2004-01-01 TYC 0.943400
WFT 12.000000
WHR 4.542300
XL 2.514500
YUM -1.424400

102 rows × 1 columns

However, suppose we wanted to extract the data for all years, but only for thhe stocks ACAS YUM and TYC.

We cannot do this using .loc because the ticker is on the second level, not outer-most level of our index.

To get around this limitation, we can use the pd.IndexSlice helper.

Here’s an example.

df_stacked.loc[pd.IndexSlice[:, ['ACAS', 'YUM', 'TYC']], :]
return
date ticker
2000-01-01 ACAS 13.736300
2000-02-01 ACAS -7.246400
2000-03-01 ACAS 7.604199
2000-04-01 ACAS -4.433500
2000-05-01 ACAS -12.154600
... ... ...
2014-08-01 TYC 3.406700
2014-09-01 TYC -0.112100
2014-10-01 TYC -3.275700
2014-11-01 TYC -0.069900
2014-12-01 TYC 2.237800

540 rows × 1 columns

Notice that the : in the first part of [:, ["A", "D"]] instructed pandas to give us rows for all values of the outer most index level and that the : just before ] said grab all the columns.

You can also select a slice but in this case it is very important that your dataframe is sorted with respect to the index

3.4.3.2.5. Multi-index Columns#

The functionality of MultiIndex also applies to the column names.

3.4.3.3. Re-setting the Index#

The df.reset_index method will move one or more level of the index back into the DataFrame as a normal column.

With no additional arguments, it moves all levels out of the index and sets the index of the returned DataFrame to the default of range(df.shape[0]).

df_stacked.reset_index()
date ticker return
0 2000-01-01 ACAS 13.7363
1 2000-01-01 AGN 14.5729
2 2000-01-01 AMT 17.3824
3 2000-01-01 BAX 1.6915
4 2000-01-01 CAH -0.3916
... ... ... ...
9175 2014-12-01 TYC 2.2378
9176 2014-12-01 WFT -12.5954
9177 2014-12-01 WHR 4.0662
9178 2014-12-01 XL -2.7872
9179 2014-12-01 YUM -5.6958

9180 rows × 3 columns

3.4.3.4. Choose the Index Carefully#

So, now that we know that we use index and column names for aligning data, “how should we pick the index?” is a natural question to ask.

To guide us to the right answer, we will list the first two components to Hadley Wickham’s description of tidy data:

  1. Each column should each have one variable.

  2. Each row should each have one observation.

If we strive to have our data in a tidy form (we should), then when choosing the index, we should set:

  • the row labels (index) to be a unique identifier for an observation of data

  • the column names to identify one variable

For example, suppose we are looking data on interest rates.

Each column might represent one bond or asset and each row might represent the date.

Using hierarchical row and column indices allows us to store higher dimensional data in our (inherently) two dimensional DataFrame.

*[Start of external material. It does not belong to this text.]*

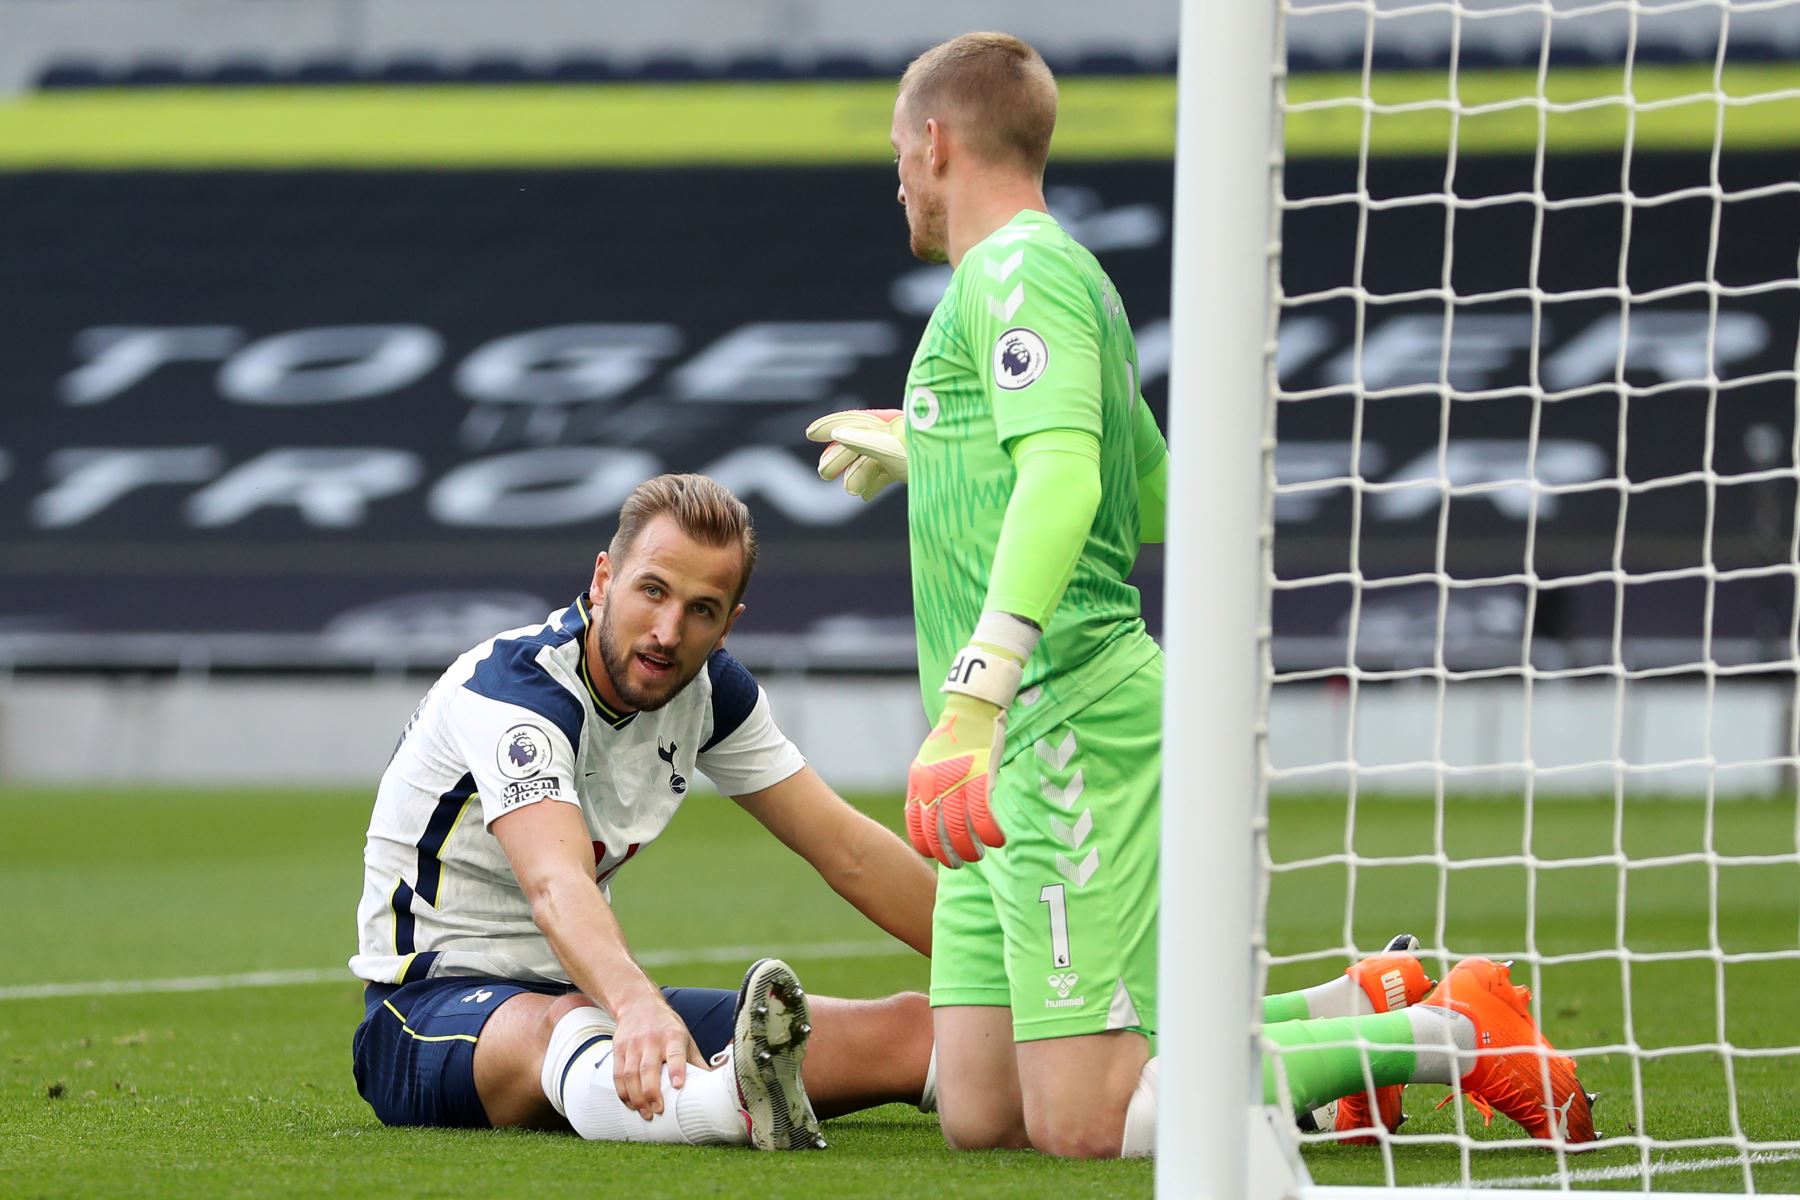 El delantero inglés del Tottenham Hotspur, Harry Kane, reacciona ante una oportunidad perdida durante el partido de fútbol de la Premier League. Foto: AFP

3.4.3.4.1. Know Your Goal#

The correct column(s) to choose for the index often depends on the context of your analysis.

For example, if I were studying how GDP and consumption evolved over time for various countries, I would want time (year) and country name on the index

On the other hand, if I were trying to look at the differences across countries and variables within a particular year, I may opt to put the country and variable on the index and have years be columns.

Following the tidy data rules above and thinking about how you intend to use the data – and a little practice – will enable you to consistently select the correct index.